2014-03-24 2:47 GMT+01:00 Peter Gutmann <pgut001@cs.auckland.ac.nz>:
Their prime directive is that financial value can never be
created or destroyed, so you can never have a situation in which a failure
anywhere will result in one blob of financial value being recorded in two
locations, or no locations.  Saying that you'll address this by rolling back
transactions won't fly both because no standard database can handle the load
they work at, and because the financial world isn't going to stop and wait
while you perform a rollback.

So how do they do that? If there's power failure on a specific box, what happens? Are all transactions synced to disk before commit, thus minimal rollbacks? A minimal rollback takes a very small margin of what would happen in case of power failure on a box. Maybe they have several boxes advocating a single transaction, so that expectible failures would never crash a system completely.

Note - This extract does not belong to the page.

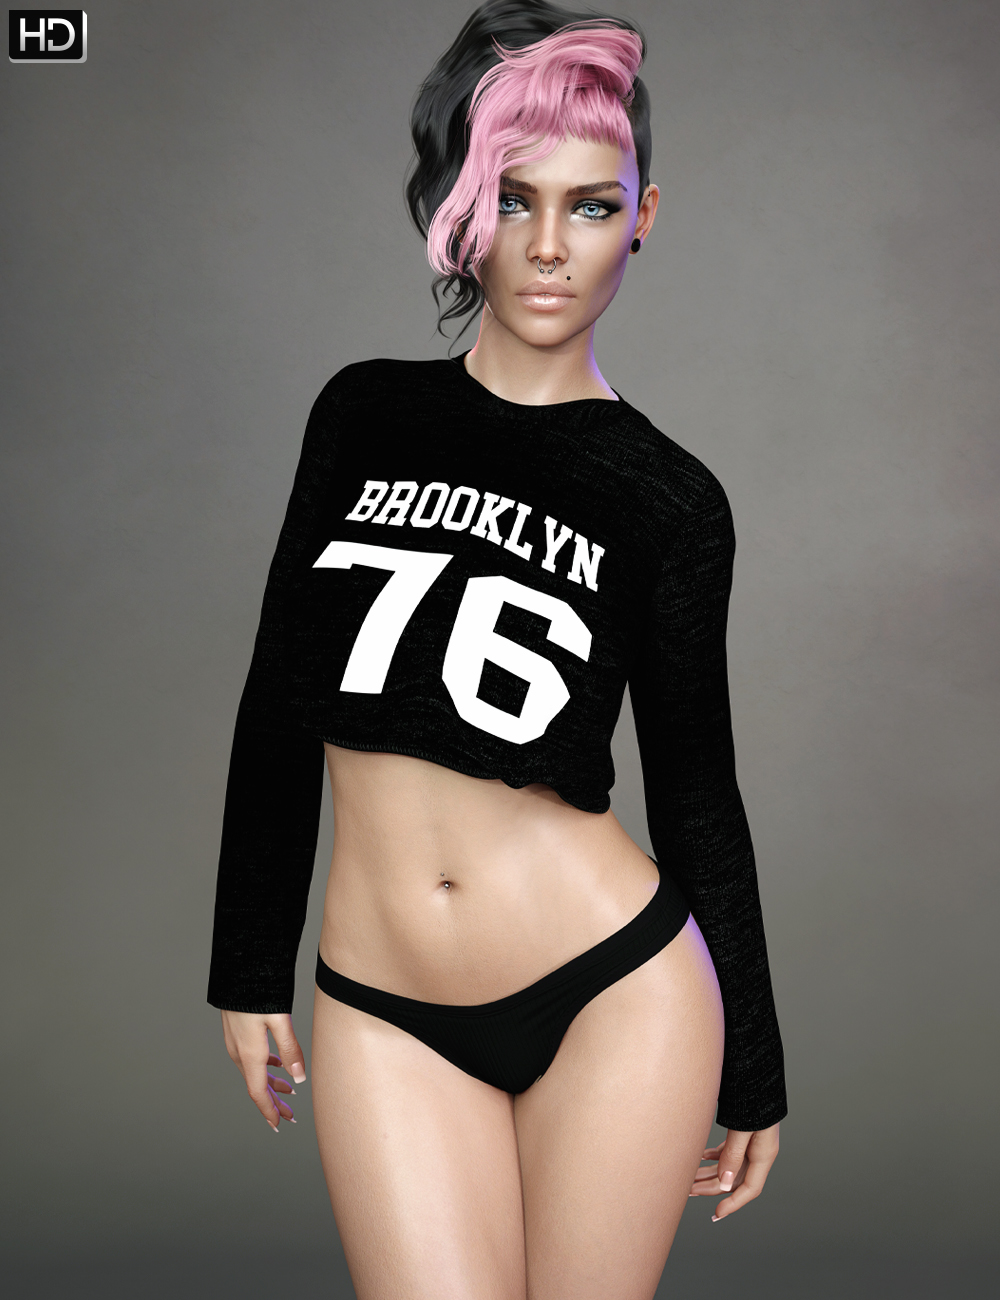 Emily HD for Genesis 8.1 Female by: Emrys, 3D Models by Daz 3D
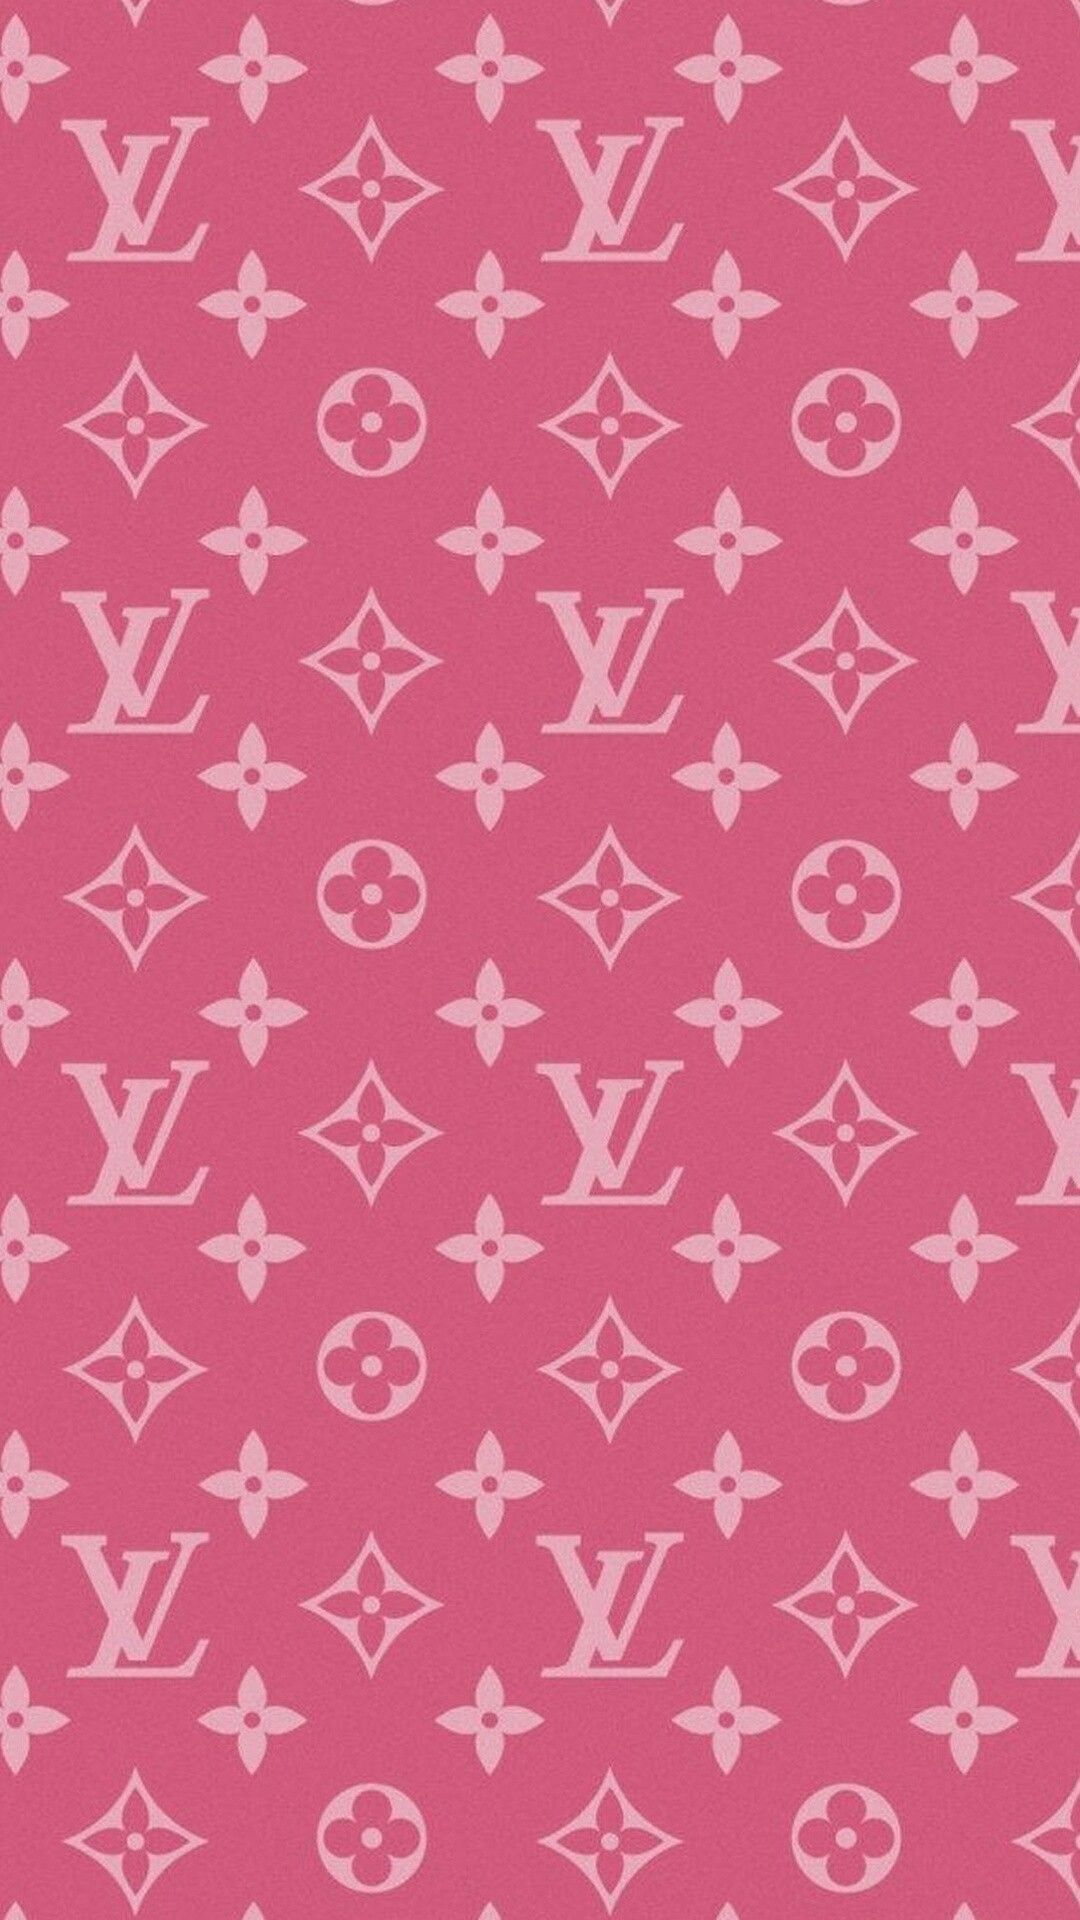 Louis Vuitton iPhone Wallpapers: Một chiếc điện thoại đầy màu sắc và đẳng cấp cùng các hình nền Louis Vuitton chất lượng cao? Đó là lý do tại sao bạn cần phải xem qua các hình nền của chúng tôi. Với sự kết hợp tuyệt vời giữa thiết kế độc đáo của Louis Vuitton và sự sang trọng của iPhone, các hình nền này thực sự sẽ khiến bạn chú ý.

I can imagine mitigating this by redundantly processing everything, in which case sequence must be kept somehow and so I can't imagine it being ridiculously fast. Maybe you mean the throughput is insane, because that'd make more sense given the multiple months of CPU being thrown at it. If you didn't then caching would just slow things down (most of the time).

Finance should run better on SSDs, so I imagine this is an old story.

Overall a bit confusing, and I'd love some more details! Like, why are they even using disks when fiber and RAM might be faster and similarly reliable?